Turning brain inspiration into a soft device
The brain processes information using charged atoms that move through gel-like connections between nerve cells. Inspired by this, the researchers created a tiny electrical component called a fluidic memristor using two soft hydrogels joined inside a microscopic pore in a plastic sheet. One gel carries fixed positive charges and attracts negative ions, while the other is neutral and holds a dilute salt solution. Where the two gels touch, ions can slowly pile up or drain away depending on the applied voltage, giving the device a built-in memory of past signals in the form of changing electrical resistance.

How the gel interface remembers signals
By sweeping the voltage across a single pore, the team observed a signature loop-shaped current response that marks true memory behavior. Computer models showed that this response comes from ions gathering or depleting at the narrow gel interface over time. Under one voltage direction, negative ions rush toward the interface and then spill into the neutral gel, making the path easier to conduct; under the opposite direction they are pulled away, making it harder. Because this rearrangement takes time to settle, the device “remembers” recent pulses as a temporary change in conductance, much like a biological synapse temporarily strengthens or weakens after activity.
Imitating learning in nerve connections
The researchers then drove the devices with short voltage pulses that stand in for nerve spikes. Pairs of closely spaced negative pulses caused the second response to grow, a behavior called facilitation, while positive pulses made the second response shrink, like depression in a real synapse. Strings of pulses with different frequency, count, and width produced graded conductance changes, showing that the device can filter signals in time and store multiple weight levels. It operates at millivolt-scale voltages and picojoule-level energy per pulse, far below typical solid-state circuits, and can be reliably switched many times, which is essential for practical computing tasks.

From one pore to a thinking grid
Because the hydrogels are easy to print and cure in place, the team built full crossbar arrays by drilling regular grids of conical pores into flexible polyimide and filling each with the two-gel stack. A small 3 × 3 array showed uniform behavior across sites, and a larger 10 × 10 array reached a 94 percent working yield, indicating that the soft, confined design scales well.
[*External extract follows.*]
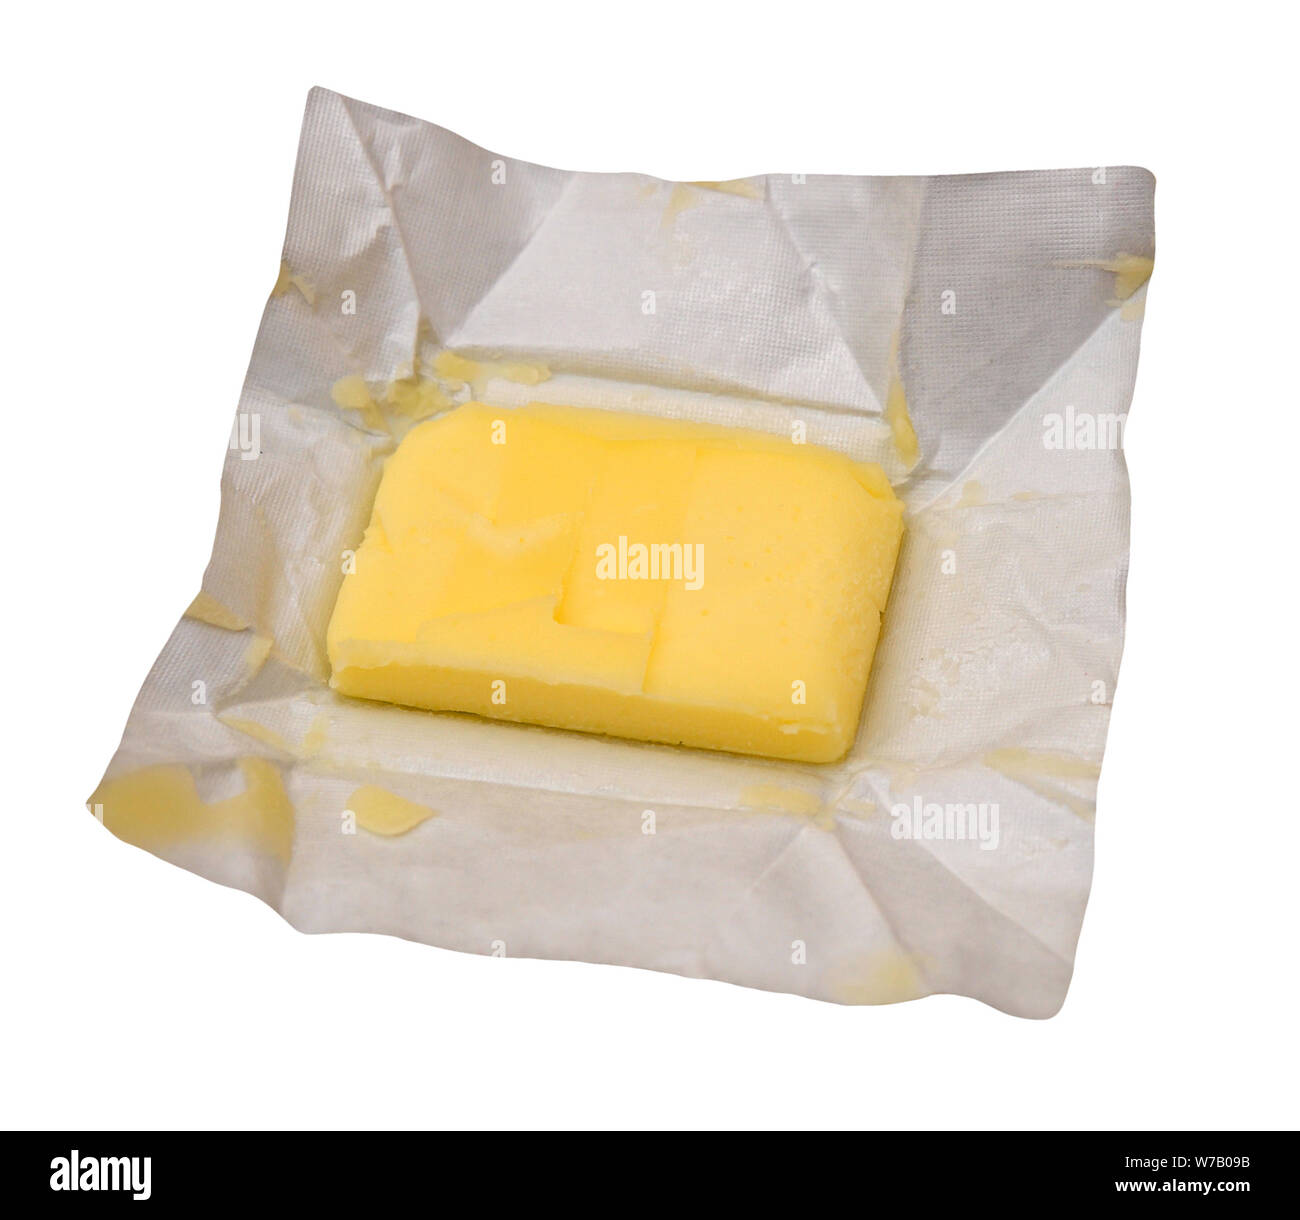 unwrapped butter isolate on white background Stock Photo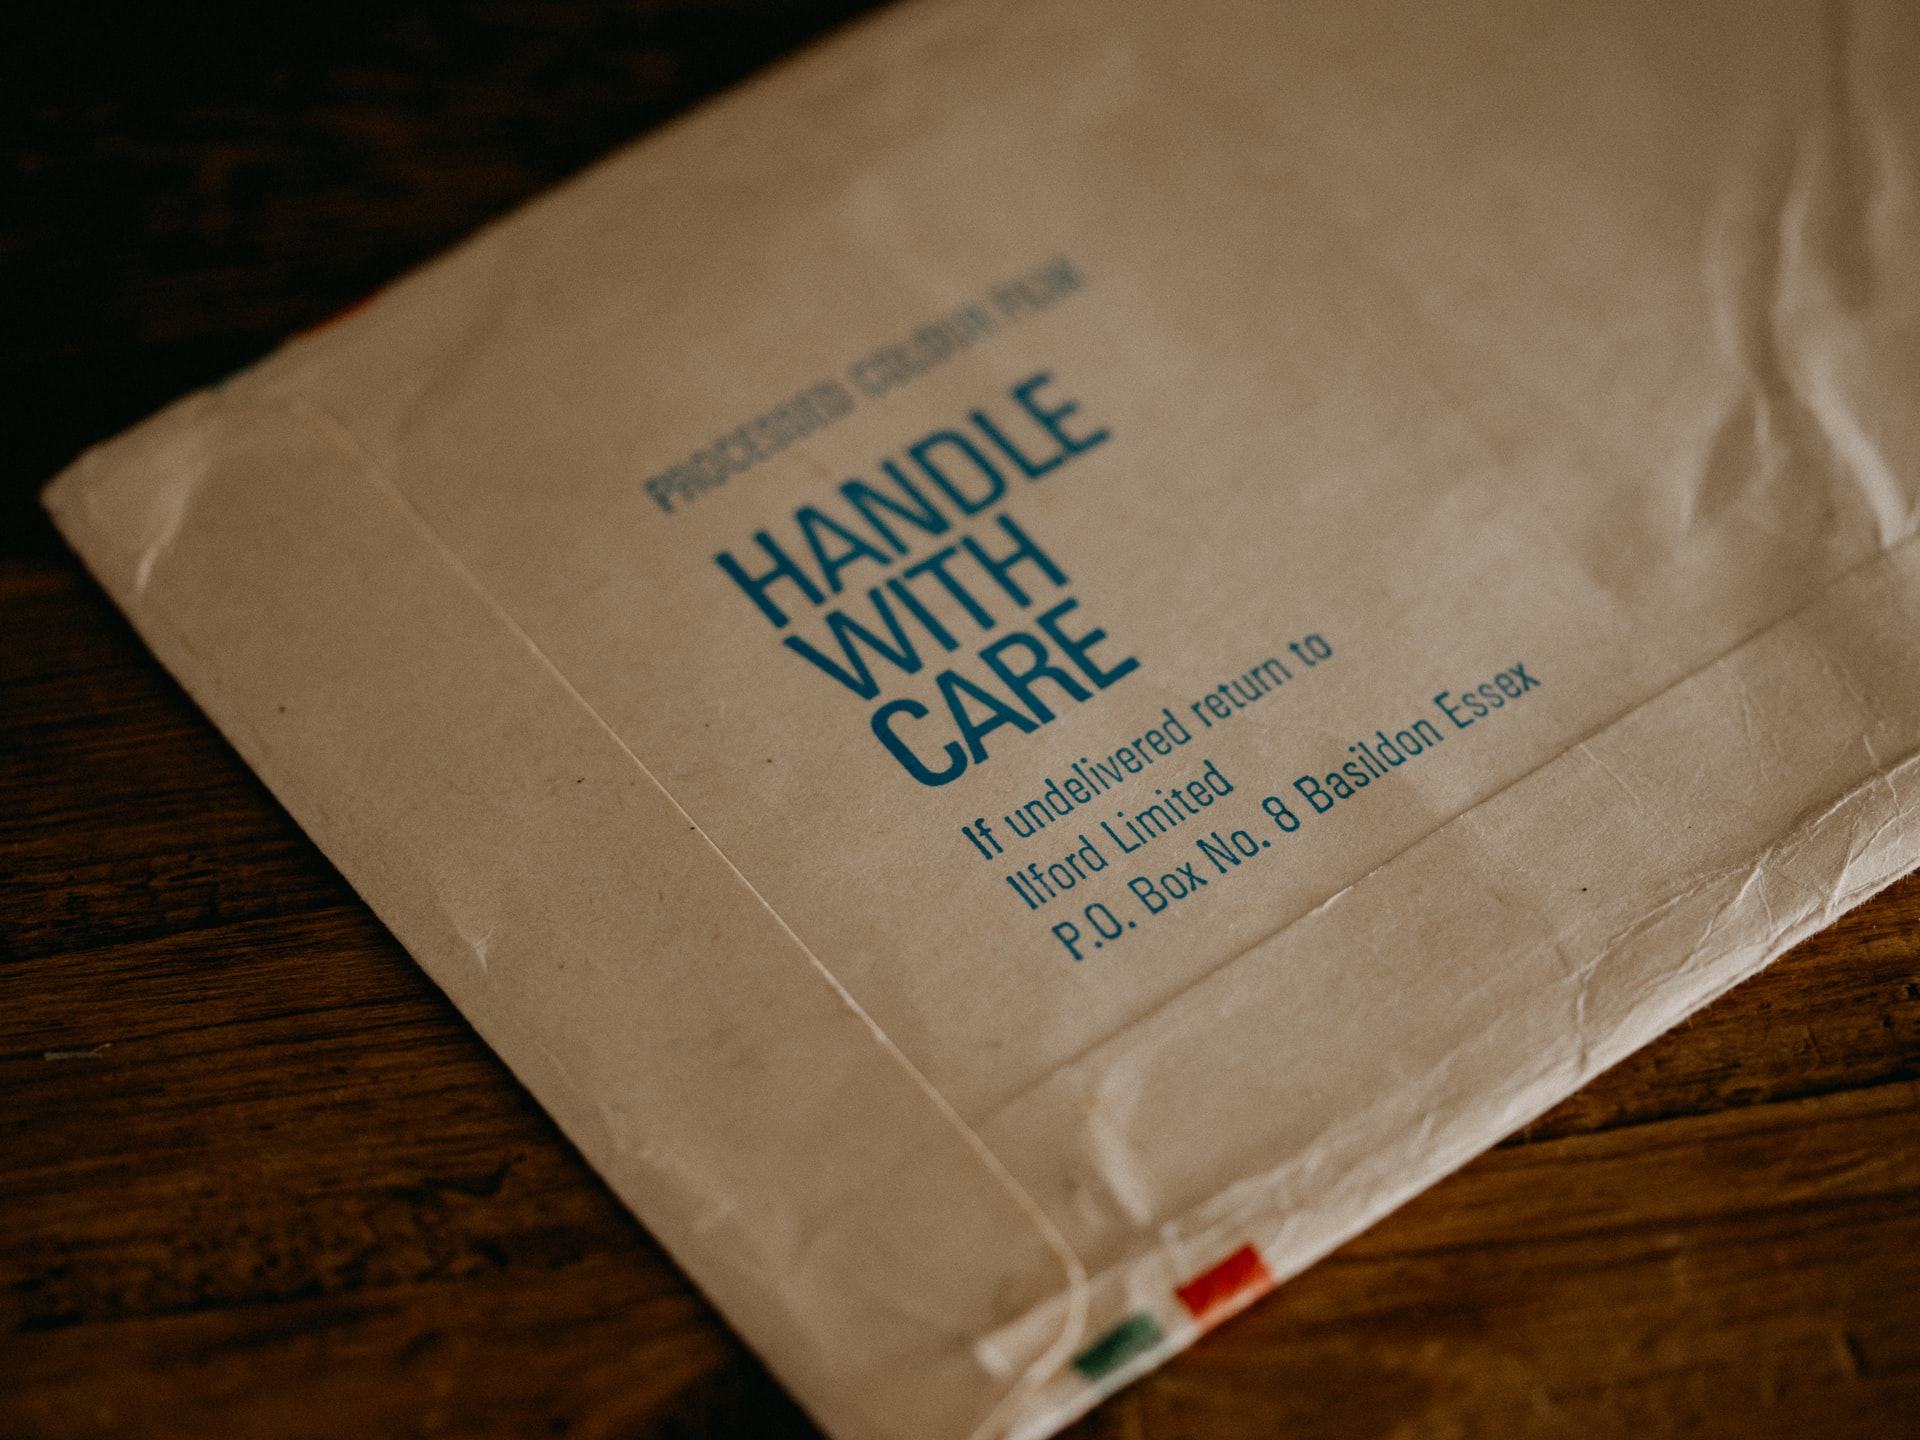 Handle with care package

The array can also respond directly to chemicals: the biological fuel molecule ATP seeps into the charged gel, binds to it, and reduces its charge, which in turn weakens the memristive effect and speeds up the loss of stored states, effectively using chemistry to tune the synaptic-like behavior.
Letting the soft hardware recognize digits
To test real information processing, the authors used the array as the dynamic core of a type of machine learning called reservoir computing. Patterns of voltage pulses representing rows of black-and-white digit images were fed into selected pores, and the resulting conductance values were read into a simple software layer that performed the final classification. With this setup, the system correctly recognized computer-generated digit patterns and reached 89.5 percent accuracy on handwritten digits from the MNIST database, a common benchmark in artificial intelligence, showing that a modest ion-based array can handle nontrivial recognition tasks.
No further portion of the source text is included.